By DPA,
Harare : Zimbabwe’s bankrupt central bank is to retrench 85 percent of its bloated staff complement to help it move back into the black and function as a reliable national bank, according to Finance Minister Tendai Biti.
The layoffs will mark the end of what analysts say was the use of the Reserve Bank of Zimbabwe (RBZ) to prop up President Robert Mugabe’s party after years of misrule exhausted the country’s finances and led to economic collapse in 2008.
“There are about 2,600 employees at the bank but the board will reduce the staff to around 400,” Biti was quoted as saying in the state-run Sunday Mail newspaper.
He said the slashing of staff was the result of new legislation to restrict the bank’s operations to managing monetary policy, monitoring the banking industry and to act as lender of last resort.
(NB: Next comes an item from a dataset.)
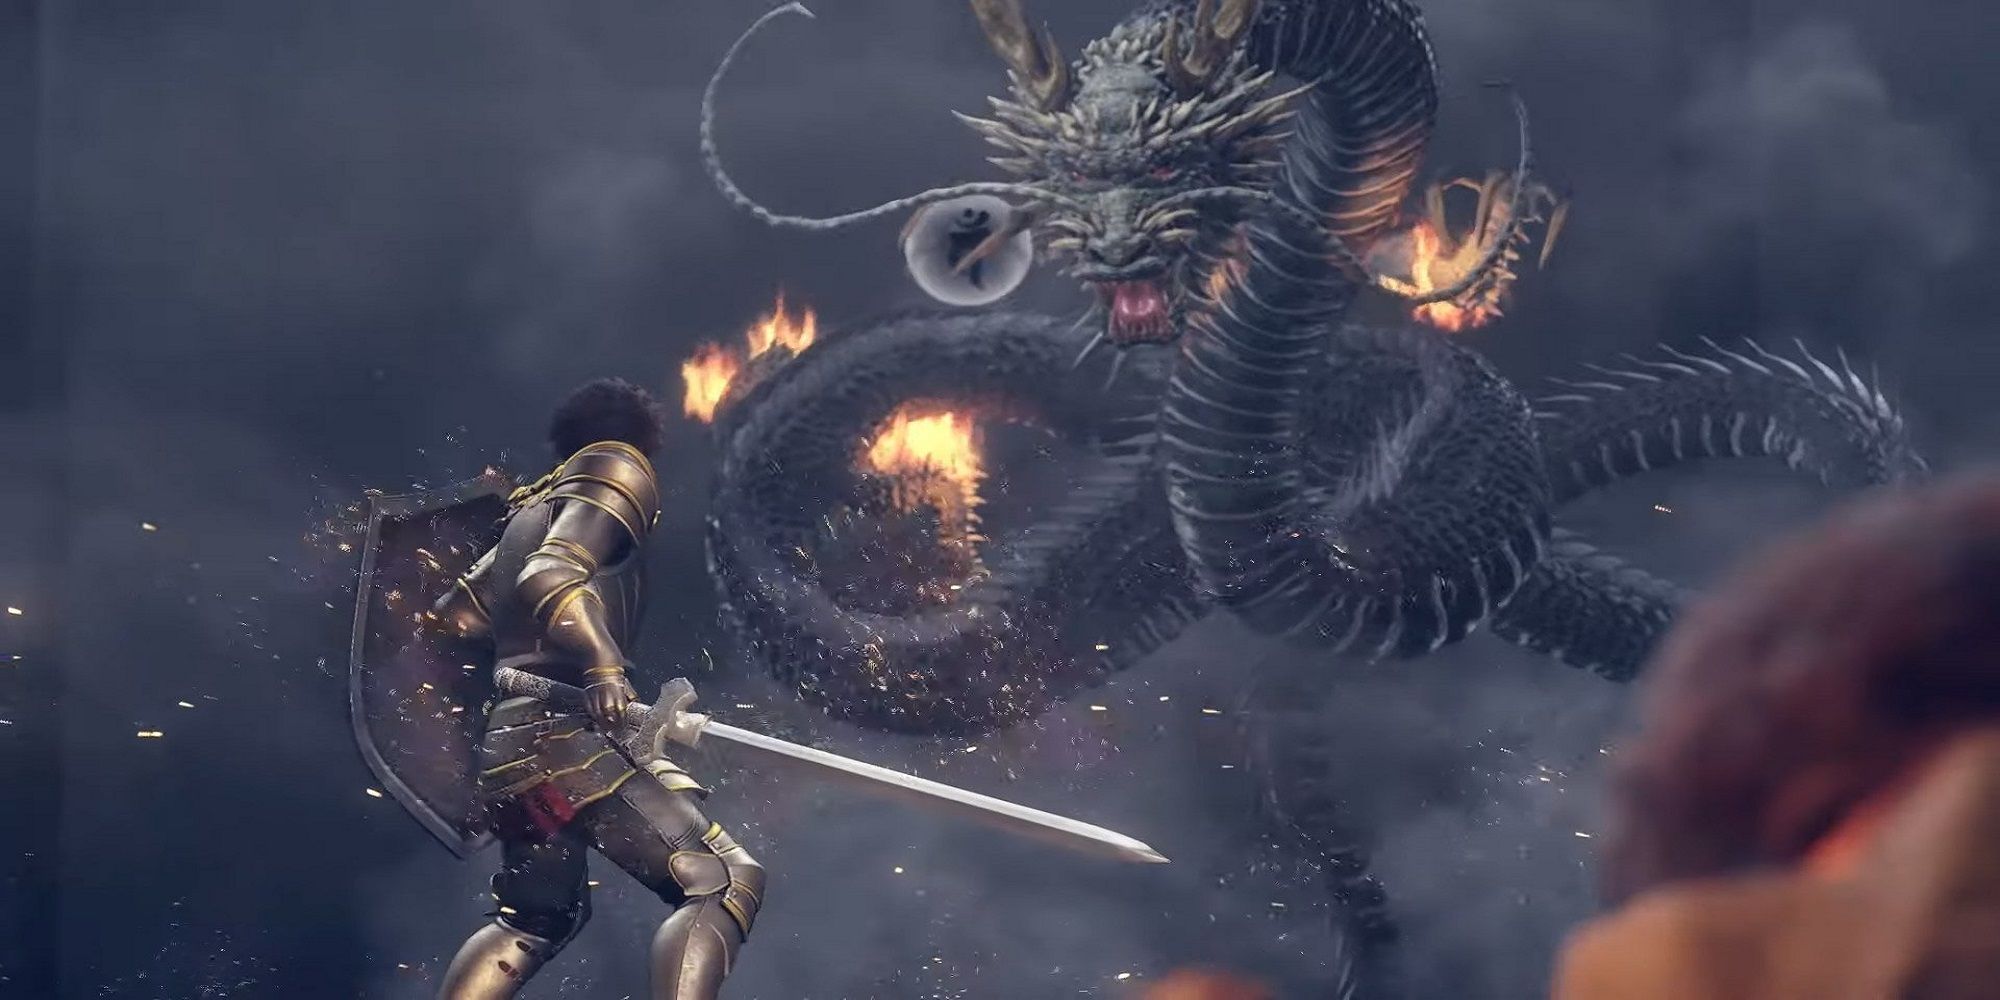 ichiban in armor standing up to dragon kiryu
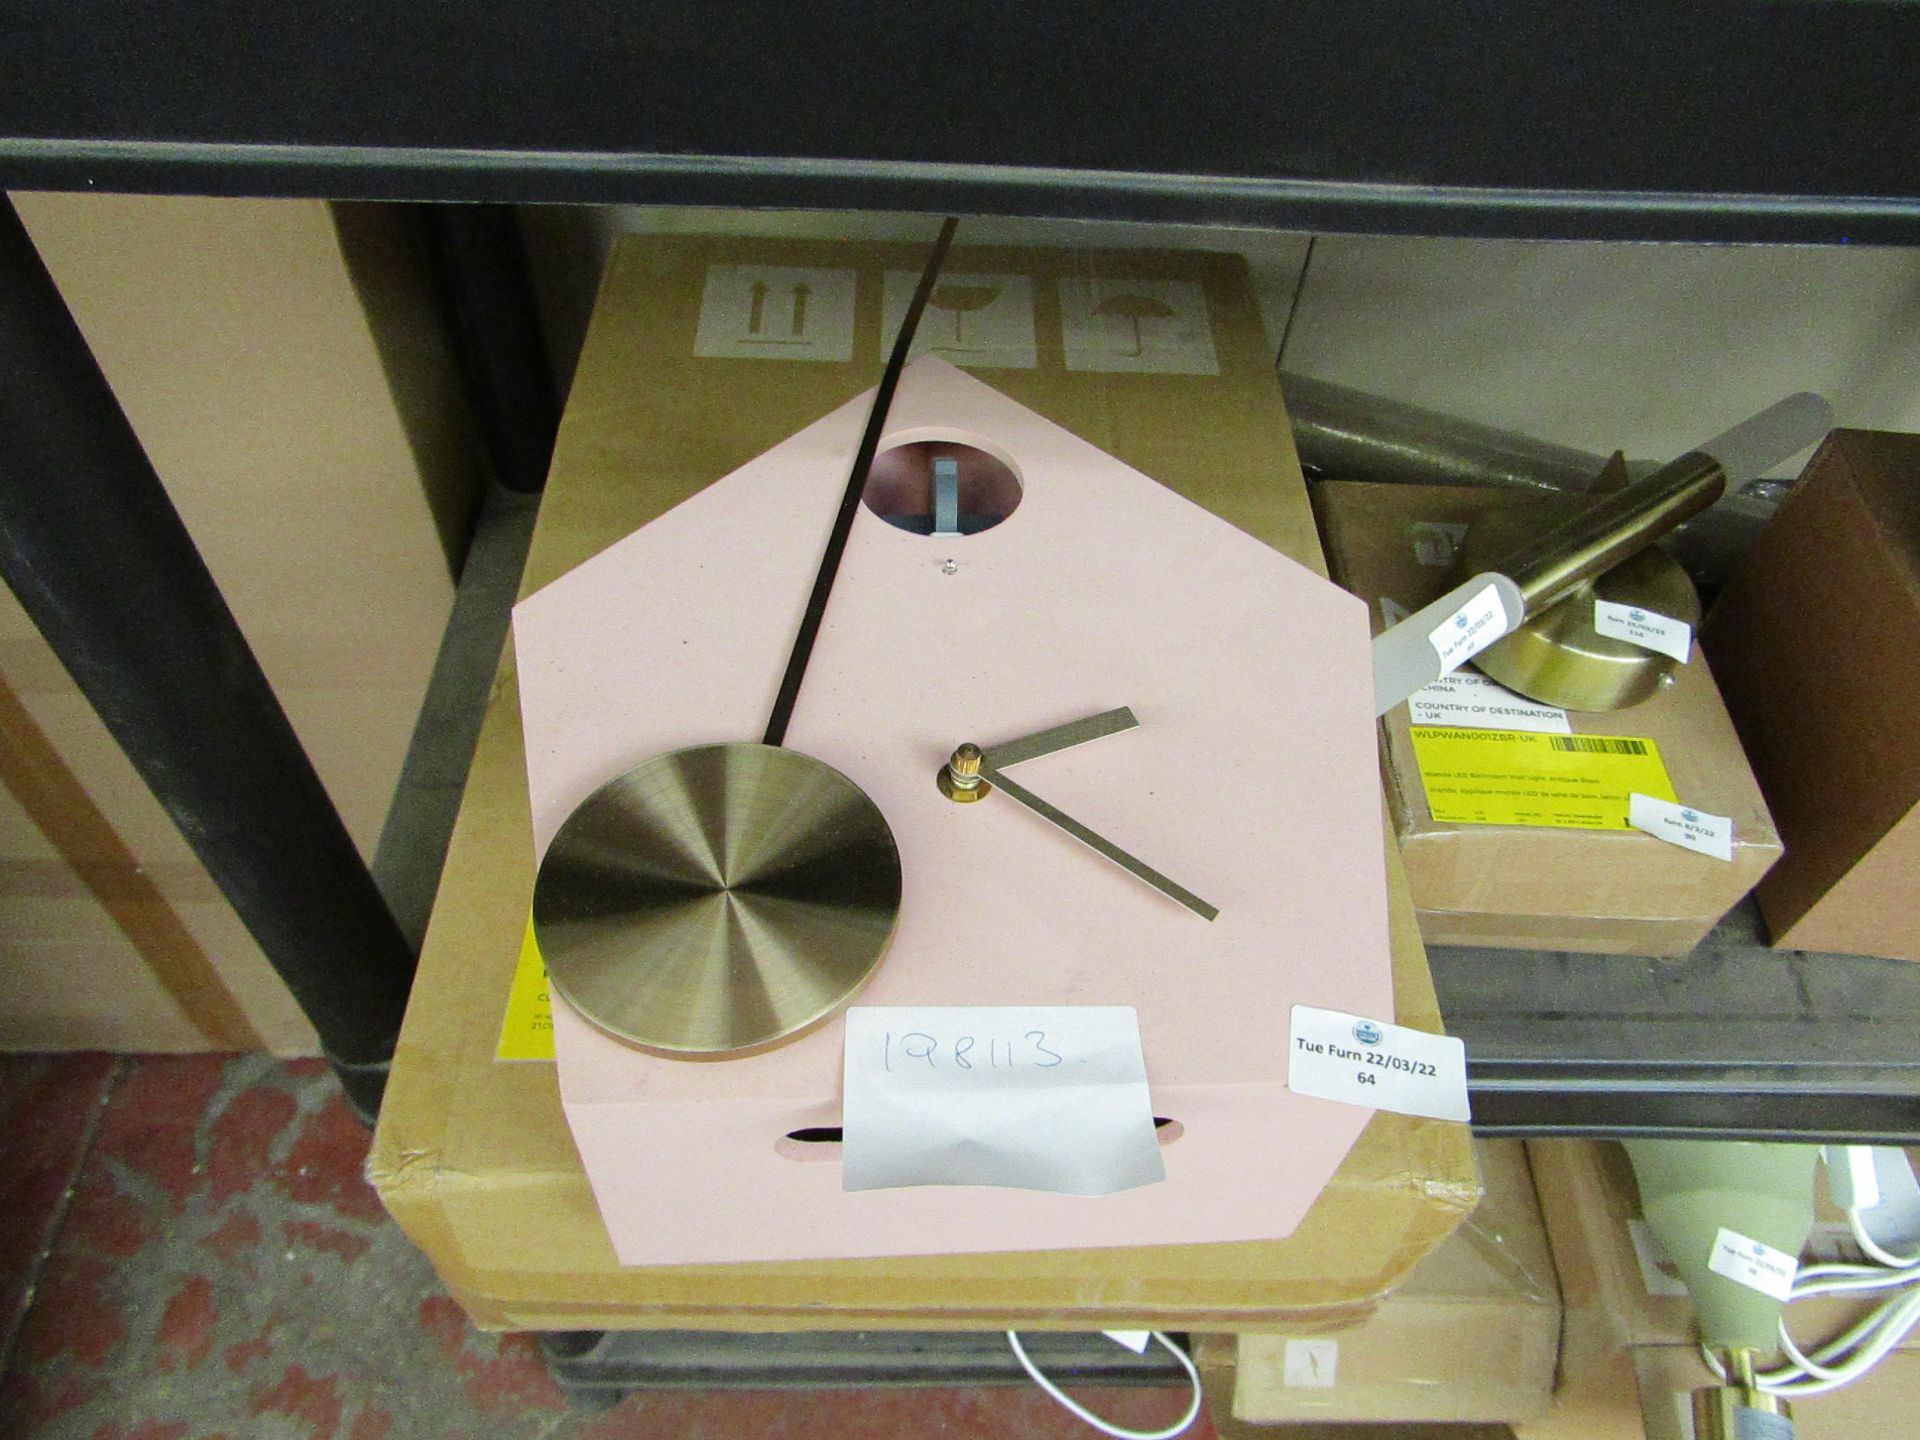 1 x Made.com Lark Cuckoo Clock Blush Pink & Brass RRP £85 SKU MAD-CLKLAR002PNK-UK TOTAL RRP £85 This

The changes at the bank are among the few major agreements to have been carried out under Zimbabwe’s 18-month-old coalition government between Mugabe and former opposition leader Morgan Tsvangirai, now prime minister.
Tsvangirai’s Movement for Democratic Change (MDC) accuses Mugabe’s Zanu-PF party of stalling on other promised democratic reforms.
Biti confirmed that the RBZ, under governor Gideon Gono, owed $1.1 billion, for which it has been forced by creditors to sell assets. The debt rendered much its new mandate “academic for the moment”, he said.
Under Gono, the bank confiscated hundreds of millions of US dollars from the accounts of major companies and non-governmental organisations. The money used to pay for handouts to Zanu-PF party members, and to buy vehicles, tractors, fuel and other goods which were distributed to party faithful before elections.
To maintain the spending, Gono had money printed as fast as the bank presses could produce, resulting finally in inflation of 500 billion percent and the abolition of the national currency last year.